Um Gato Miando

Que saudade de você,

Sentado em frente a janela,

Queria ao menos te ver,

A chuva cai e escorre pelas frestas.

Estou ouvindo um miado,

Ao longe o som do bichano,

Podia ser sua voz em eco simulado,

Mas é outra melancolia, não me engano.

A chuva que escorre cora por mim,

Poupa-me lágrimas em vão,

Seria desperdiçar choro se fosse por ti?

Acredito que nesse caso, não.

O gato ou gata, não sei o sexo,

Esse miado parece entristecido,

Talvez esteja num outro tédio,

Compartilhando o tempo umedecido.

Estalos os dedos por enfado,

Folheio um romance,

Sem empolgação me desfaço,

Estou num doloroso transe.

Ligo a tv e o dedo repete o gesto,

Desligando esse aparelho sem novidade,

A programação que passa eu detesto,

Queria dar uma volta pela chuvosa cidade.

Mas estou desanimado,

Me guardar com guarda-chuva,

Pego um cobertor no armário,

Me enrolo e ouço música.

A rádio reflete o tempo,

Canções depressivas,

Por um instante lamento,

Levanto e busco uma bebida.

Meio copo de vodka barata,

Acendo um cigarro de filtro amarelo,

O apartamento repleto de fumaça,

Meu olhar vazio fitando o mofo no teto.

E esse gato miando,

Será que está se molhando?

Já está me incomodando,

Por que não sossega o bichano?

Vozes no andar de cima,

Pelo tom é discussão,

Todo dia ali sai uma briga,

Gente de pouca moderação.

Mais meio copo e num só trago,

Absorvo o líquido que arde,

Pelo canto da boca eu babo,

No vidro o reflexo é de um traste.

Hoje é quinta, com cara de domingo,

A cidade parece estar mais lenta,

Talvez eu a veja assim por fatídicos motivos,

O clima torna as faces mais sombrias, densas.

Dou três passos e paro,

Volto em direção a poltrona,

Estou um pouco pálido,

Sinto uma interna vergonha.

A campainha toca impaciente,

No olho mágico percebo,

Não é quem desejava, certamente,

Atendo e despacho o sujeito.

Agora sinto vontade de ler,

Abro o romance de novo,

Não consigo me entreter,

Fecho o livro com certo nojo.

Se estivesse comigo,

A beijaria com hálito de bebida,

Estou ficando deprimido,

Entorpecer se tonra a única garantia.

Tomo uma distância no cômodo,

Venho galopante ao encontro da janela,

A vidraça se quebra e faz estrondo,

O corpo se choca na pequena passarela.

Gritos e pessoas amontoando em volta,

O sangue escorre pela fronte aberta,

Crianças que acabavam de sair da escola,

Vão verificar a novidade indigesta.

Figura de bermuda, sem camisa,

O cobertor se desprendeu ao cair,

Pousando ao lado de forma distinta,

Moradores das nelas iam conferir.

No jornal a polícia dizia investigar as causas,

Um vizinho disse ser pessoa de hábitos estranhos,

Certa senhora foi tachativa, "isso é amor em falta",

Estatísticas relataram sem causar muito espanto.

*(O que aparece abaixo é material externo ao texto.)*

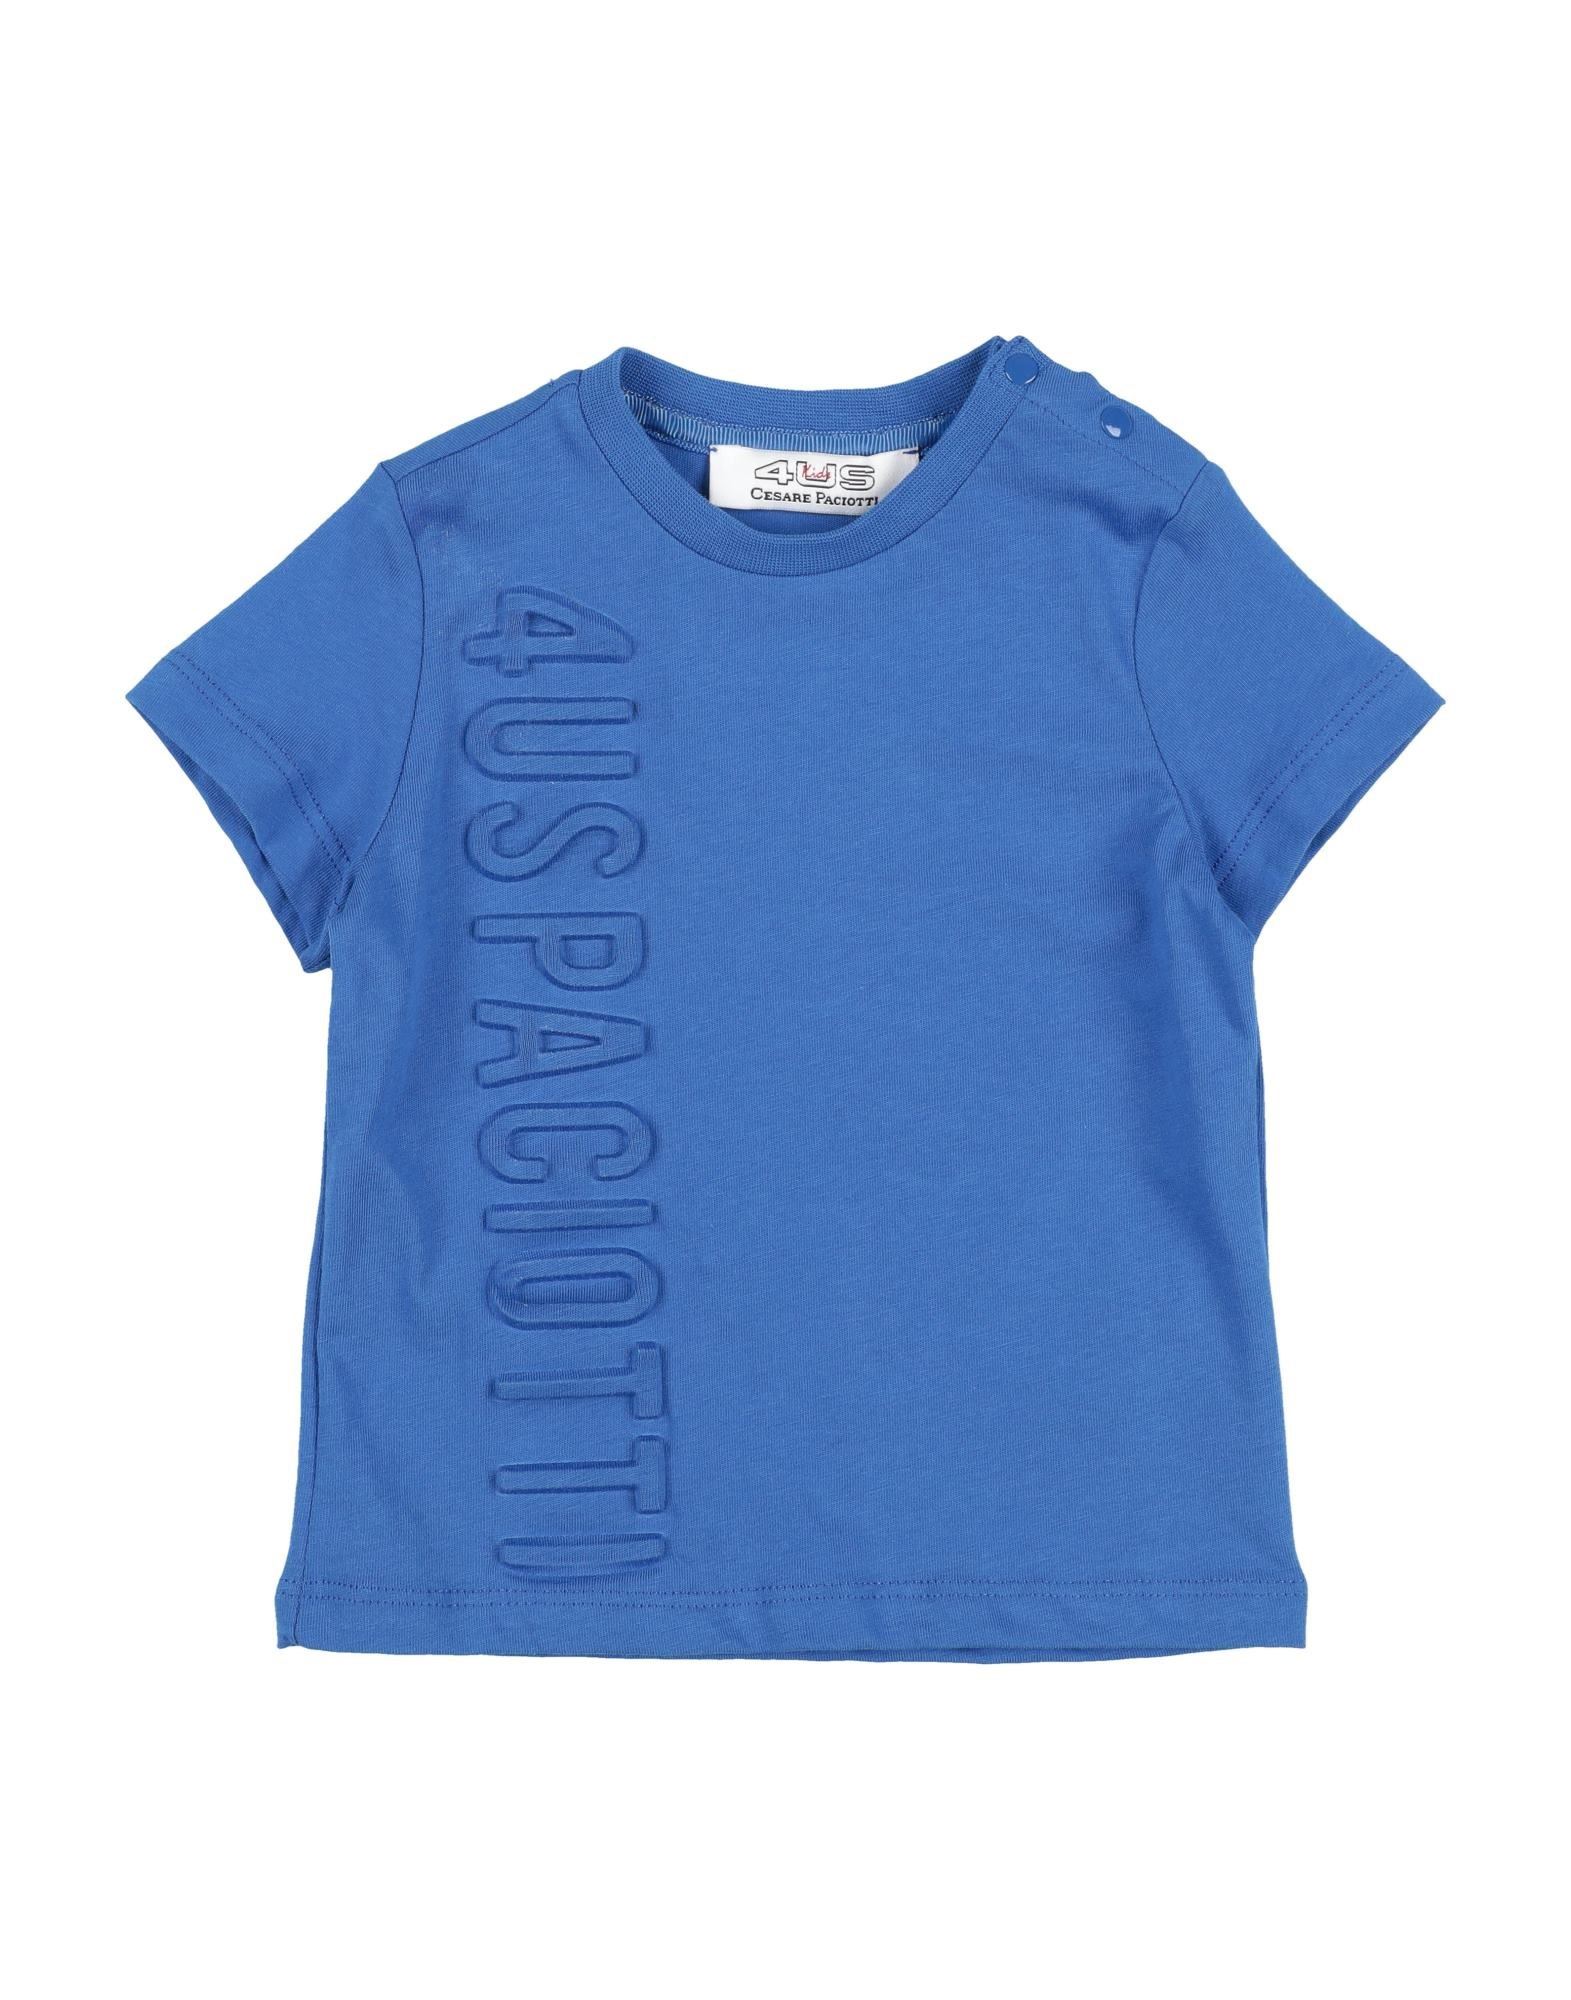 CESARE PACIOTTI 4US T-shirts Kinder Blau von CESARE PACIOTTI 4US
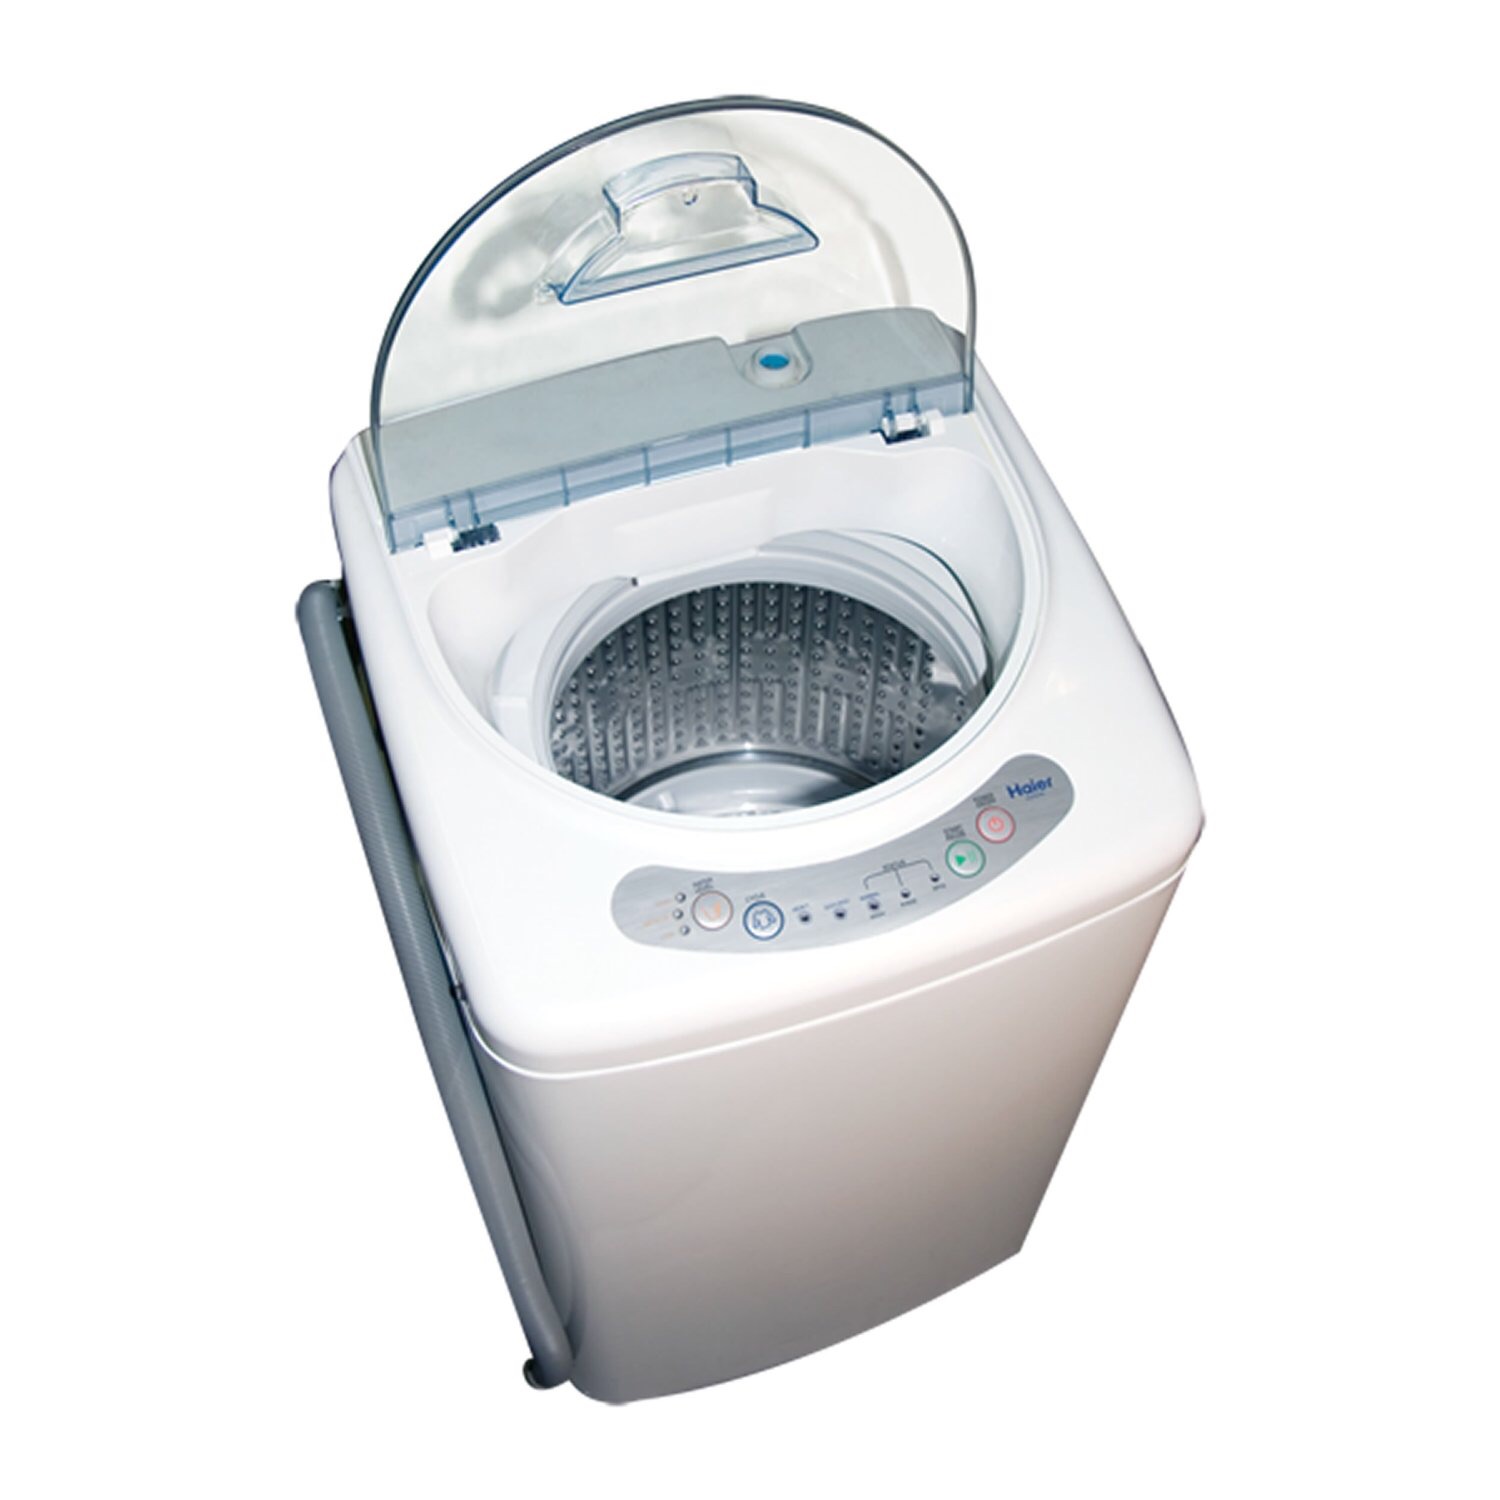 Panda Portable Washing Machine, 10 lbs. Capacity, 3 Water Levels

Como ninguém reclamou o corpo,

Foi enterrado como indigente moderado,

Recebia pequeno ordenado, nada gordo,

Serviços autônomos, bicos como eram chamados.

Alguns clientes foram ao cemitério,

Acharam triste não ter ninguém,

Foi cerimônia rápida, sem lero lero,

Na casa não acharam um vintém.

Os poucos objetos foram doados,

O apartamento alugado,

Sem saber do ocorrido o novo proprietário,

O cidadão morto não foi mais lembrado.

Meses depois o morador do andar de cima,

Dizia a sua esposa que achava estranho,

Perguntando se recordava de um gato que ouvia,

Com um melancólico miado que lhe parecia estranho?

A esposa nunca reparou nesse fato,

O marido achando que era por desconsideração,

Iniciou outra briga com palavrões reverberando abaixo,

Tudo seguindo o ritmo conforme manda a tradição.